Operator: Our next question comes from Josh Silverstein with UBS. Please go ahead.
Josh Silverstein: The GME assets came with the big midstream footprint. How are you thinking about the value of this asset now that it’s in-house? Are there opportunities or a need to expand the footprint? Or could this be a potential divestiture target to accelerate the debt reduction plans?
Clay Gaspar: Josh, thanks for the question. As you know, we’ve got a lot of midstream assets inside the portfolio. I would say they’re all in the portfolio for a reason, but we also remain very objective about when there’s a better opportunity for the organization to exit some of these opportunities. I would say uniquely to Grayson. I really commended the team on the last call about the great work that they’ve done to build this out and how it translates into higher margins and lower overall operating costs for those assets. That becomes very critical as you get into these more mature assets and you’re really trying to pick up these remaining opportunities, extend the laterals, lower that cost threshold so that more and more of these opportunities meet our return threshold.

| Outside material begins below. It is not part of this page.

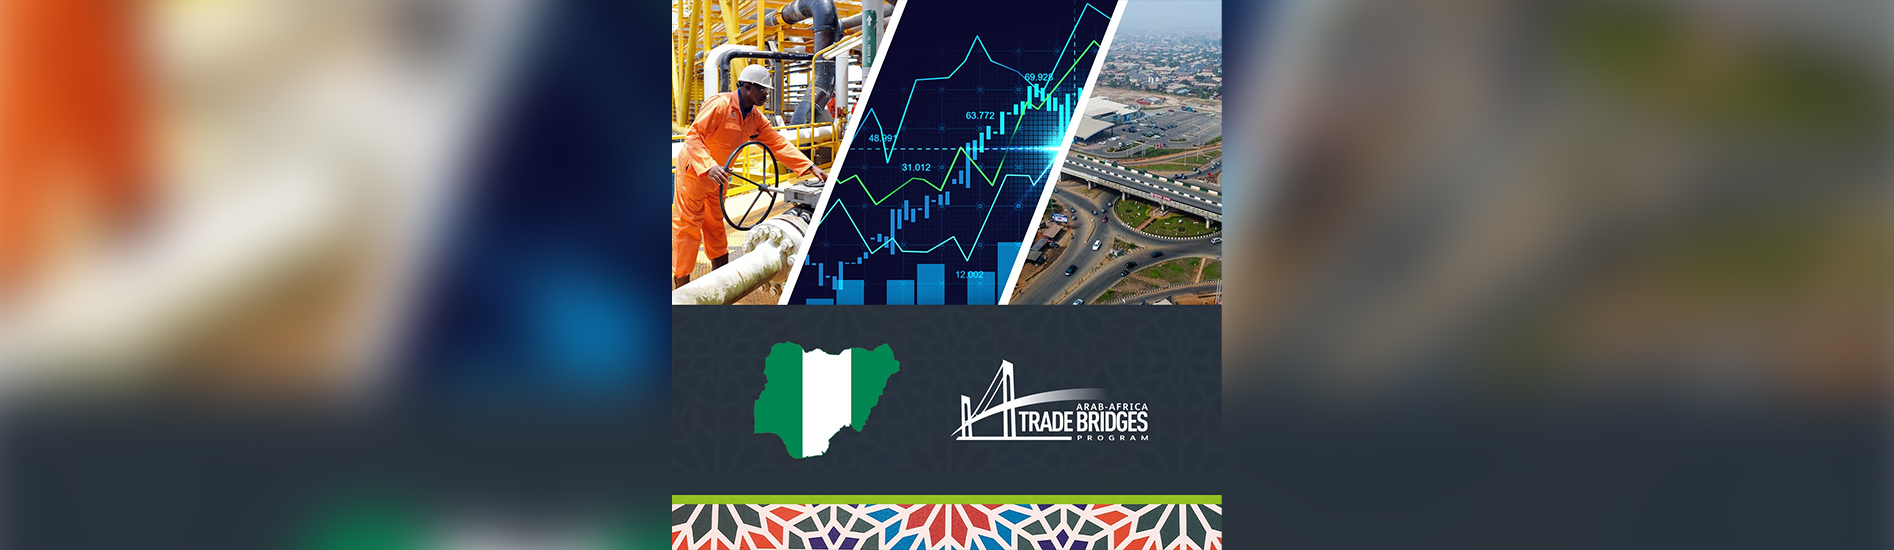 برنامج جسور التجارة العربية الأفريقية يعلن عن انضمام جمهورية نيجيريا الاتحادية عضوا رسميا في البرنامج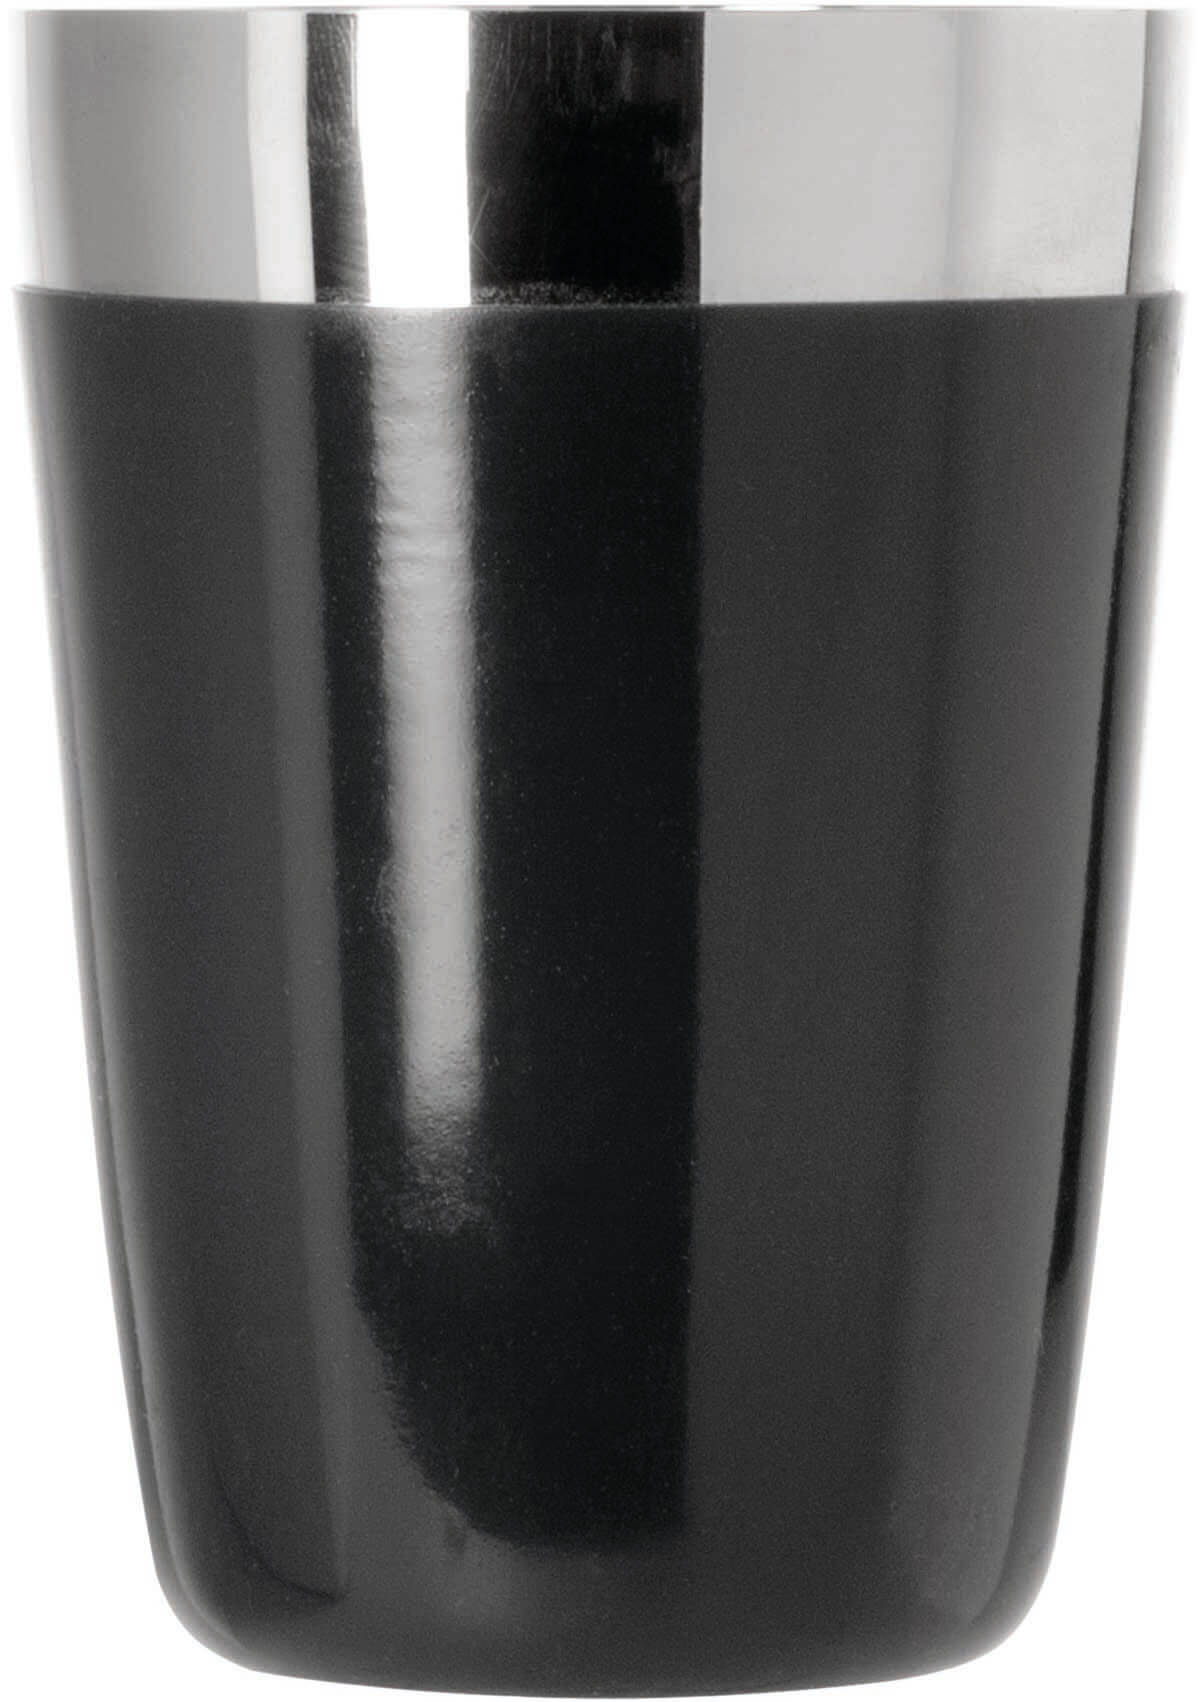 Speedshaker vinyl coated black 47cl

So, I would say they’re much more likely to stay in our portfolio. In fact, I believe on the last call, I highlighted an opportunity that we’re going to be building some infrastructure on the East side, some of the legacy assets to really open up some additional inventory in the Williston Basin. And with the expertise from Grayson, we feel even more confident about our ability to execute on that, bring that in, run that. And then I think it will provide additional runway of other stranded assets to further enhance our existing footprint. So excited about those opportunities, that skill set. I would say we’re pretty objective about all of those assets. When the right time comes, you’ll see us buy assets, sell assets. But I would say specific to the Grayson assets, we’re really happy with what we have them in the portfolio, and it was a critical piece of our ability to transact on that deal.
Josh Silverstein: Got it. That’s helpful. And then within the 2025 plans, how should we think about the capital allocation to the other assets that we really haven’t discussed here today, Eagle Ford, Anadarko and the PRB. Are these assets just in cash flow harvesting mode? Is there any uptick or downtick in terms of percentage there?
Clay Gaspar: Josh, I would direct you to — it’s directionally looking similar, okay? One thing that will be a notable change, obviously, with a larger Williston footprint. The overall pie will shift a little bit. You’ll see higher to the Williston. You’ll see Delaware Basin drop from about 60% of the portfolio to 50%. Otherwise, I would say directionally, we’re in the same ballpark and we’ll resist the urge to give you too much more granularity on ’25 until the February call.
Rosy Zuklic: So, we have met our time commitment. I want to thank everyone for your interest in Devon. And if you have any further questions, please reach out to Chris or me. Thank you again for joining us on our call today.
Operator: Thank you, everyone, for joining us today. This concludes our call, and you may now disconnect your lines.